What does Beyond Middle Earth do in relation to the works of J.R.R. Tolkien?
Beyond Middle Earth simply does what J.R.R. Tolkien wanted to see achieved, for he hoped to create a mythology “that other people would take over, adapt and use…”.
But importantly, Beyond Middle Earth does not rework Tolkien’s realms and storylines. Neither does it impose new events within his created landscapes. Those events that unfold in Beyond Middle Earth take place in new lands to the east of his ‘Middle-earth’, in ‘Central Middle Earth’ (as here constructed), and in a time largely later than those that concerned Tolkien’s writing (he always supposed that additional lands and peoples occurred east of the Sea of Rhún but did not know of, or mention, their nature in his voluminous works).
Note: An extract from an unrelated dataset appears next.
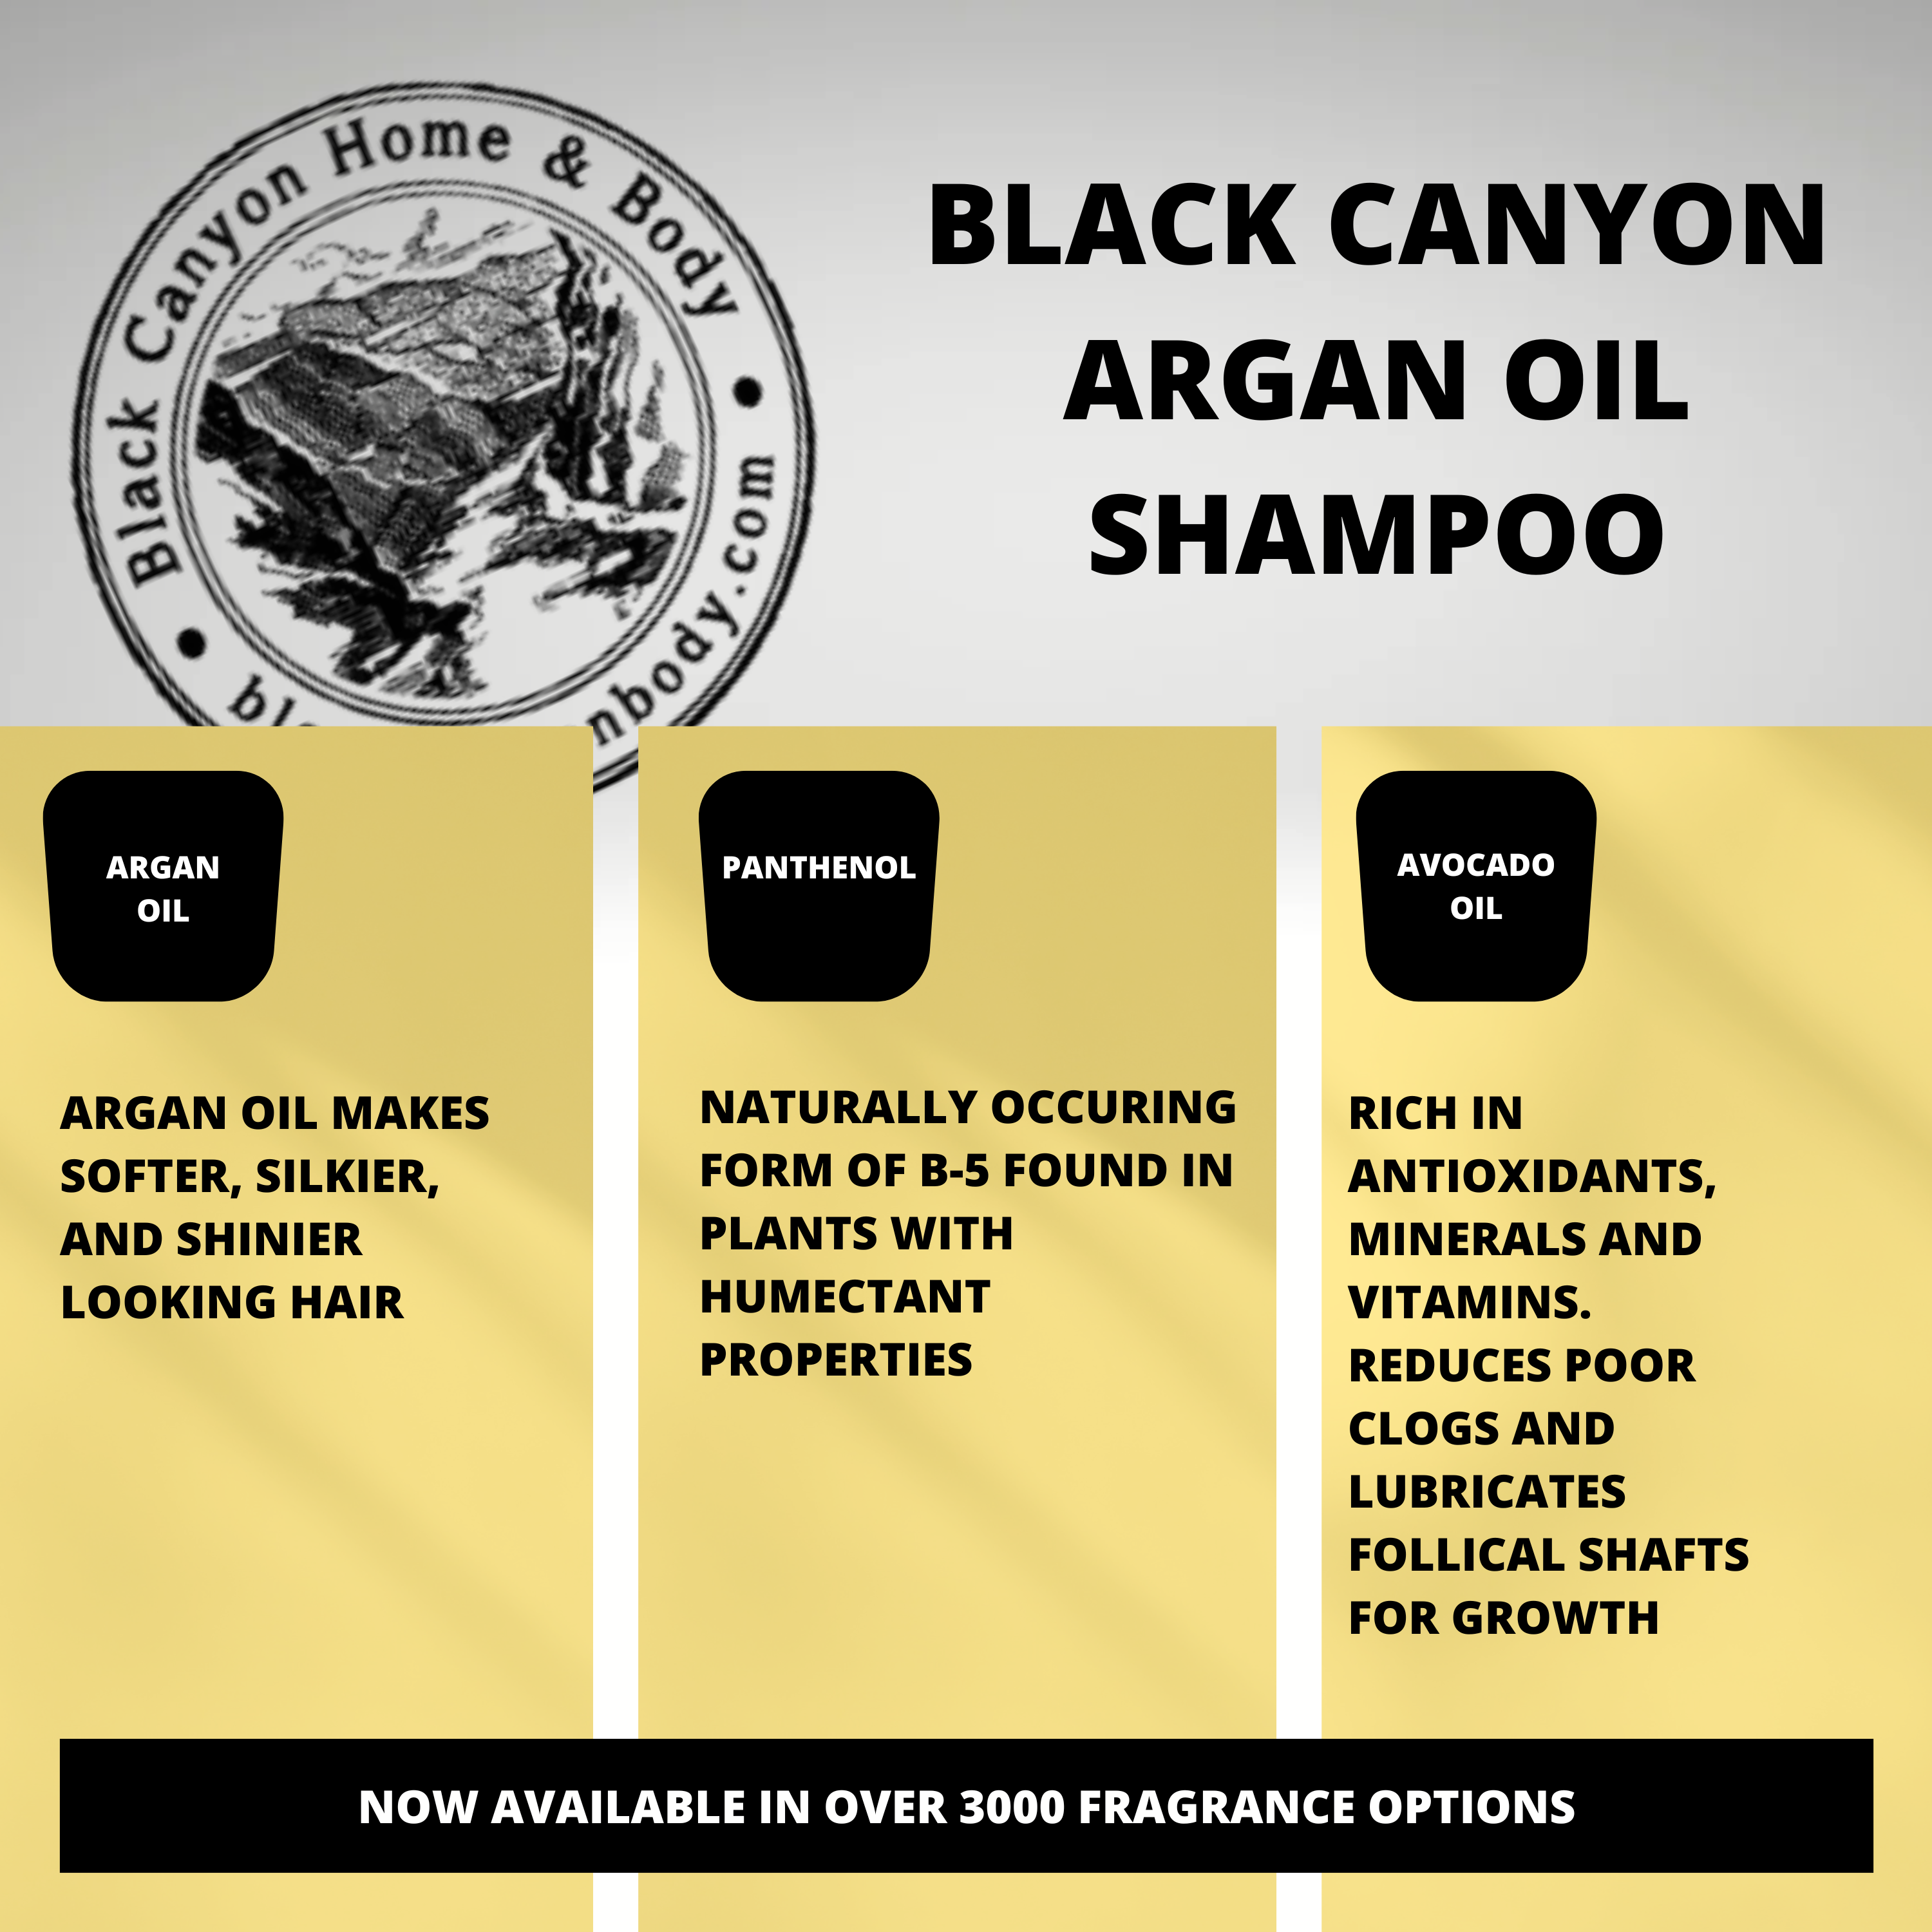 Black Canyon April Showers Scented Shampoo with Argan Oil

Tolkien’s writings concern peoples, places and events that conclude with the end of ‘his Third Age’. The historical context of Beyond Middle Earth primarily concerns itself with the early centuries of the Fourth Age – the beginning of Tolkien’s forecast ‘Age of Men’, in which the knowledge and magnificence of the world’s first races, kingdoms and greatest achievements, slip from reality into the realm of myth and dim history. And the knowledge that the ancient races held falls to the preserve of the learned few, or is degraded into a macabre memory of what it truly once was; or simply becomes the thing of magic.
Tolkien’s preoccupation was with that of people and their various histories and languages; and those lands within which they dwelt. Only fleetingly did he mention the plants of Middle Earth. Yet these too were intimately embroiled in the events of his world, confronting the same forces of evil, and suffering the same torment and catastrophes. Consequently, Beyond Middle Earth overlays details of the plants, ecosystems, their ecological interactions, history, and their folk usage that are missing within his books.
Tolkien’s central themes were the tumultuous conflicts between the free peoples of Middle Earth with the powers of evil, of the great creation of the world, the cataclysms that befell all those caught within the first ages of its history, and the diminution of the grandeur of elves and men. Beyond Middle Earth is about that too, but in addition uses the artifices of forest and herb lore to bring into being aspects of the everyday life, culture and beliefs of those that inhabited Middle Earth – the humdrum things such as ‘what herbs were used as field dressings by the soldiers of Arthedain, the courtly poisons of eastern realms, those plants that brought delirium or the release of death, what made a good cottage vegetable stew, and the kinds of wood used in the making of shields or, that placed above the house hearth, kept ill-fortune from the newborn? Humdrum matters only to the powerful and holders of ancient knowledge, but central to the lives of ordinary people and rough-shod infantry.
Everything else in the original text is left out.